Search code examples
xsdrdf

How to represent a missing xsd:dateTime in RDF?


I have a dataset with data collected from a form that contains various date and value fields. Not all fields are mandatory so blanks are possible and in many cases expected, like a DeathDate field for a patient who is still alive.

How do I best represent these blanks in the data?

I represent DeathDate using xsd:dateTime. Blanks or empty spaces are not allowed. All of these are flagged as invalid when validating using Jena RIOT:

foo:DeathDate_1
    a foo:Deathdate ;
    time:inXSDDatetime  " "^^xsd:dateTime .

foo:DeathDate_2
    a                   foo:Deathdate ;
    time:inXSDDatetime  ""^^xsd:dateTime .

foo:DeathDate_3
    a                   foo:Deathdate ;
    time:inXSDDatetime  "--"^^xsd:dateTime .

I prefer to not omit the triple because I need to know if it was blank on the source versus a conversion error during construction of my RDF.

What is the best way to code these missing values?


Solution

  • You should represent this by just omitting the triple. That's the meaning of a triple that's "not present": it's information that is (currently) unknown.

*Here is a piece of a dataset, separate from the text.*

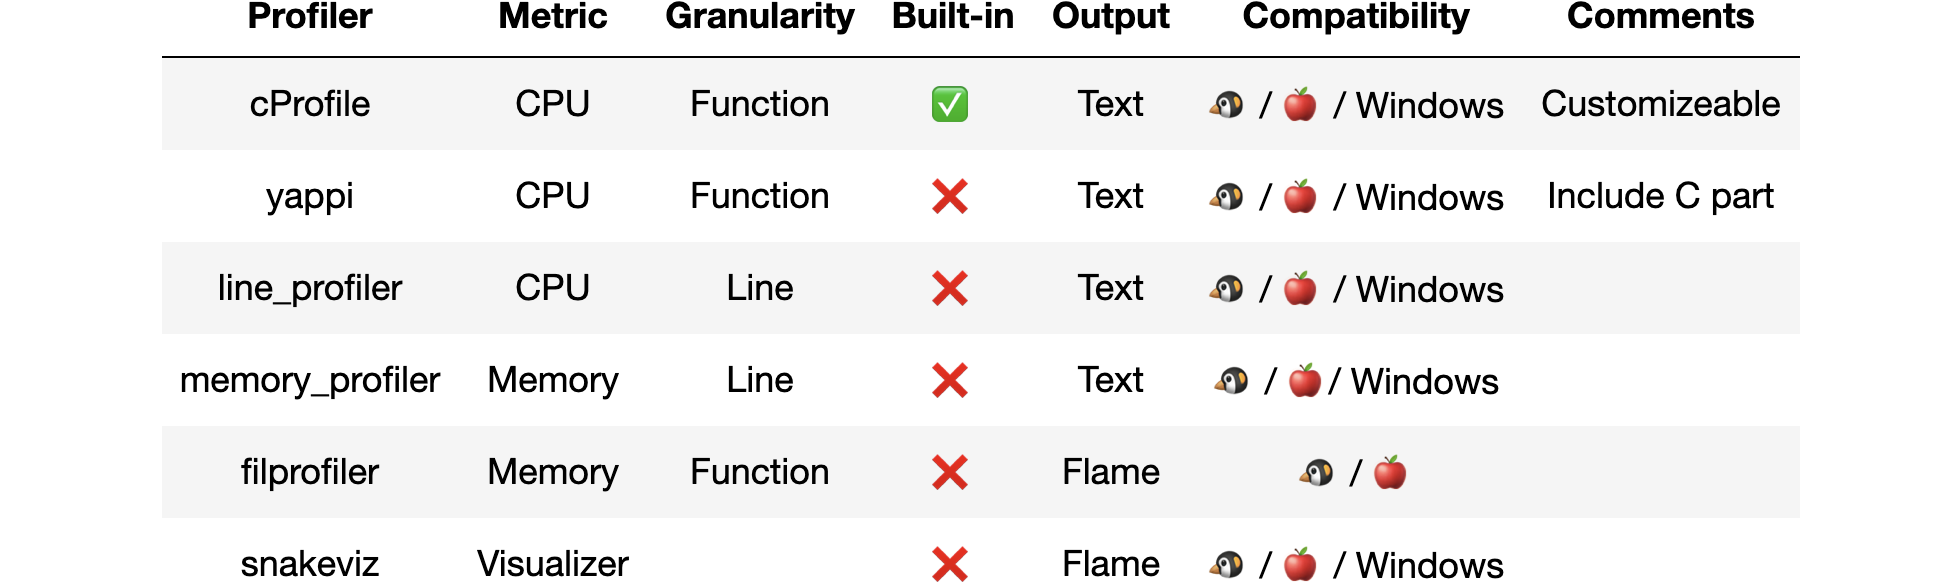 table comparing several offline profiling tools

    Alternatively, you can choose to give it the value "unknown"^^xsd:string when there's no death date. The solution in this case is to not datatype it as an xsd:dateTime, but just as a simple string. It doesn't have to be a string of course, you could use any kind of "special" value for this, e.g. a boolean false - just as long as it's a valid literal value that you can distinguish from actual death dates. This will solve the parsing problem, but IMHO if you do this, you are setting yourself up for headaches in processing the data further down the line (because you will need to ask queries over this data, and they will have to take two different types of values into account, plus the possibility that the field is missing).

    I prefer to not omit the triple because I need to know if it was blank on the source versus a conversion error during construction of my RDF.

    This sounds like an XY problem. If there are conversion errors, your application should signal that in another way, e.g. by logging an error. You shouldn't try to solve this by "corrupting" your data.